3, method according to claim 2 is characterized in that, describedly comprises for node memory allocated at different levels space: distribute continuous memory space for all nodes that belong to same superior node.

4, method according to claim 2 is characterized in that, describedly comprises for node memory allocated at different levels space: according to the pairing block length of each grade node, determine the size of the memory space of this grade node.

5, method according to claim 2 is characterized in that, described first address is:

Be used to store the initial address of the memory space of next stage node; Perhaps,

Described initial address is with respect to the side-play amount of the memory space initial address that is used to store even higher level of node; Perhaps,

Described initial address is with respect to the side-play amount of the memory space first address that is used to store first node.

6, according to each described method of claim 1 to 5, it is characterized in that, describedly divide the group Huffman search tree that code stream search is comprised according to described elongated degree:

With first node is present node, obtains first order node grouping length and address according to the content of storing in the first node;

The intercepting code word fragment identical with node grouping length at the corresponding levels according to the code word fragment that obtains and the first address of node at the corresponding levels, searches present node from node at the corresponding levels from the Huffman code stream of input;

Judge whether present node is end points, if not, according to the content of storing in the present node, obtain next stage node grouping length and node first address, go to the described step that from the Huffman code stream of input, intercepts the code word fragment identical then with block length at the corresponding levels; If then export the cell symbol stored in the present node as Search Results.

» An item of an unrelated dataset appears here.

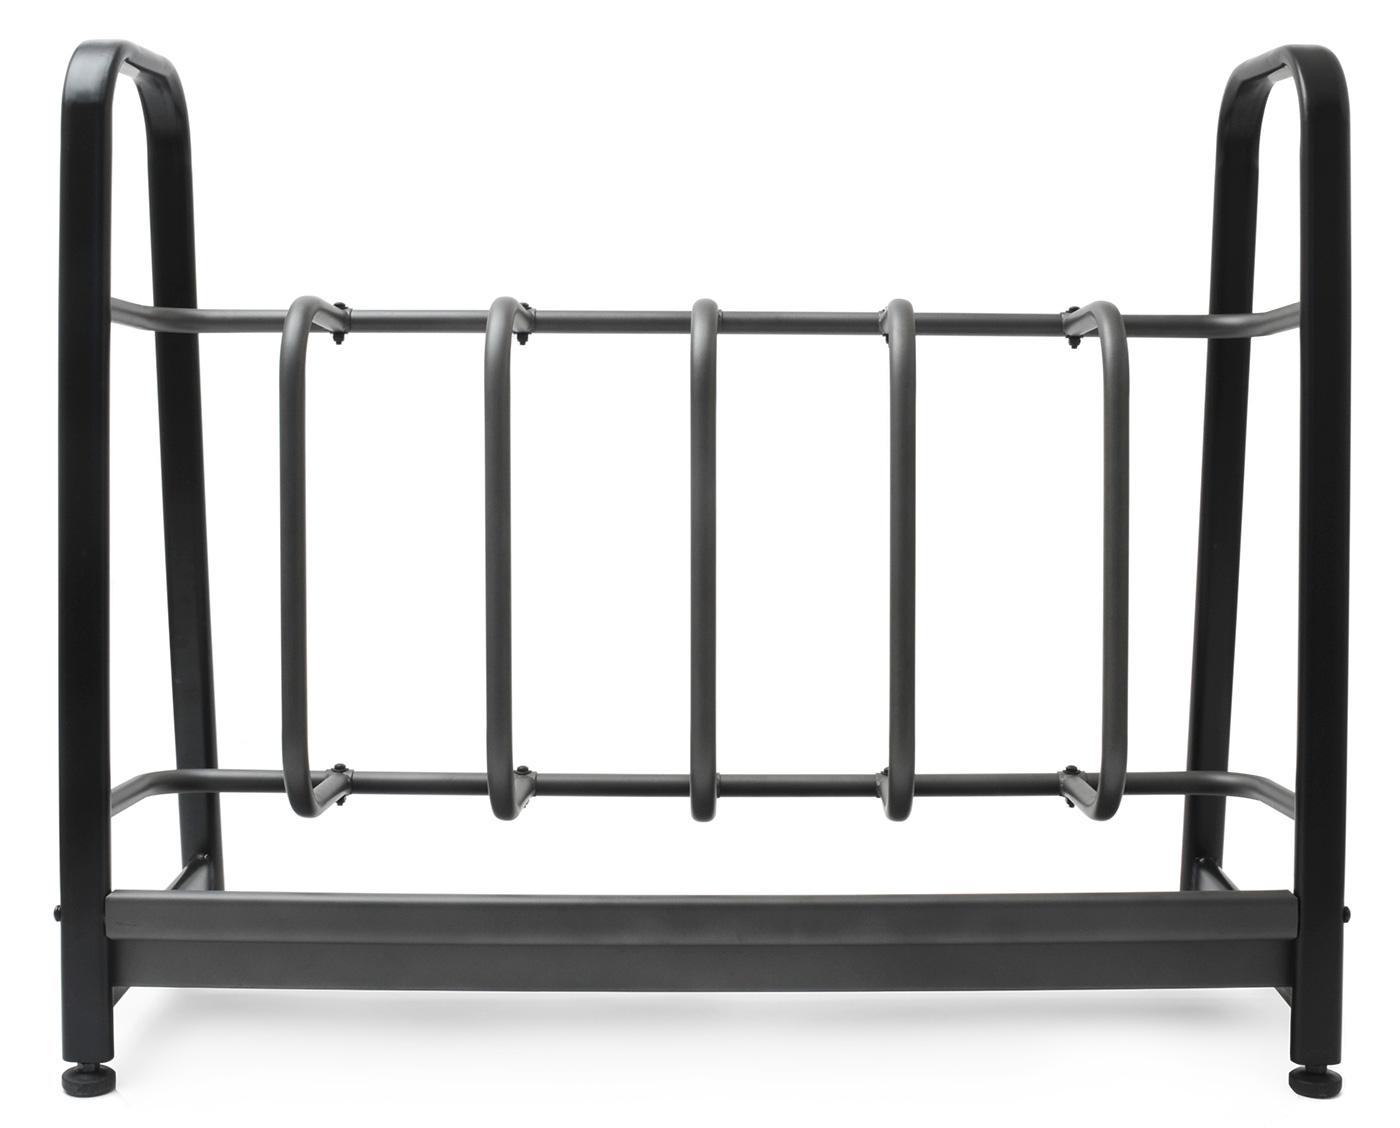 Studio-Rack für Gewichtsstangen (body bar)

7, a kind of Hofmann decoding device of optimization is characterized in that, this device comprises code table information searching module, grouping module and search module, wherein,

8, Hofmann decoding device according to claim 7, it is characterized in that, described code table information searching module further comprises generation unit, be used to distribute elongated degree to divide the memory space of each node of group Huffman search tree, and store the relevant information of each node into described each memory space.

9, Hofmann decoding device according to claim 8, it is characterized in that, described code table information searching module further comprises the end points judging unit, be used to judge that present node is end points or intermediate node, if intermediate node, the Endpoint ID of then described this intermediate node of generation unit is set to vacation, and with the next stage node grouping length of this node correspondence, the memory space that first address stores described intermediate node into;

If end points, the Endpoint ID of then described this end points of generation unit is set to very, and the cell symbol of the code word fragment length of this end points and end points correspondence is stored into the memory space of described end points.

10, Hofmann decoding device according to claim 7 is characterized in that, described code table information searching module is further used for dividing the block length of the first node of group Huffman search tree to be sent to grouping module described elongated degree;

Then described grouping module is used for according to the block length from the code table information searching module code word being divided into groups, and obtains the current code word fragment that needs search; Gained code word fragment is sent to search module.

11, according to each described Hofmann decoding device of claim 7 to 10, it is characterized in that, described search module further comprises judging unit and output unit, described judging unit is used to judge whether the node that is searched is end points, if the notice output unit comes out the cell symbol extraction of storing in this node and externally output; Described output unit then is used to export described cell symbol.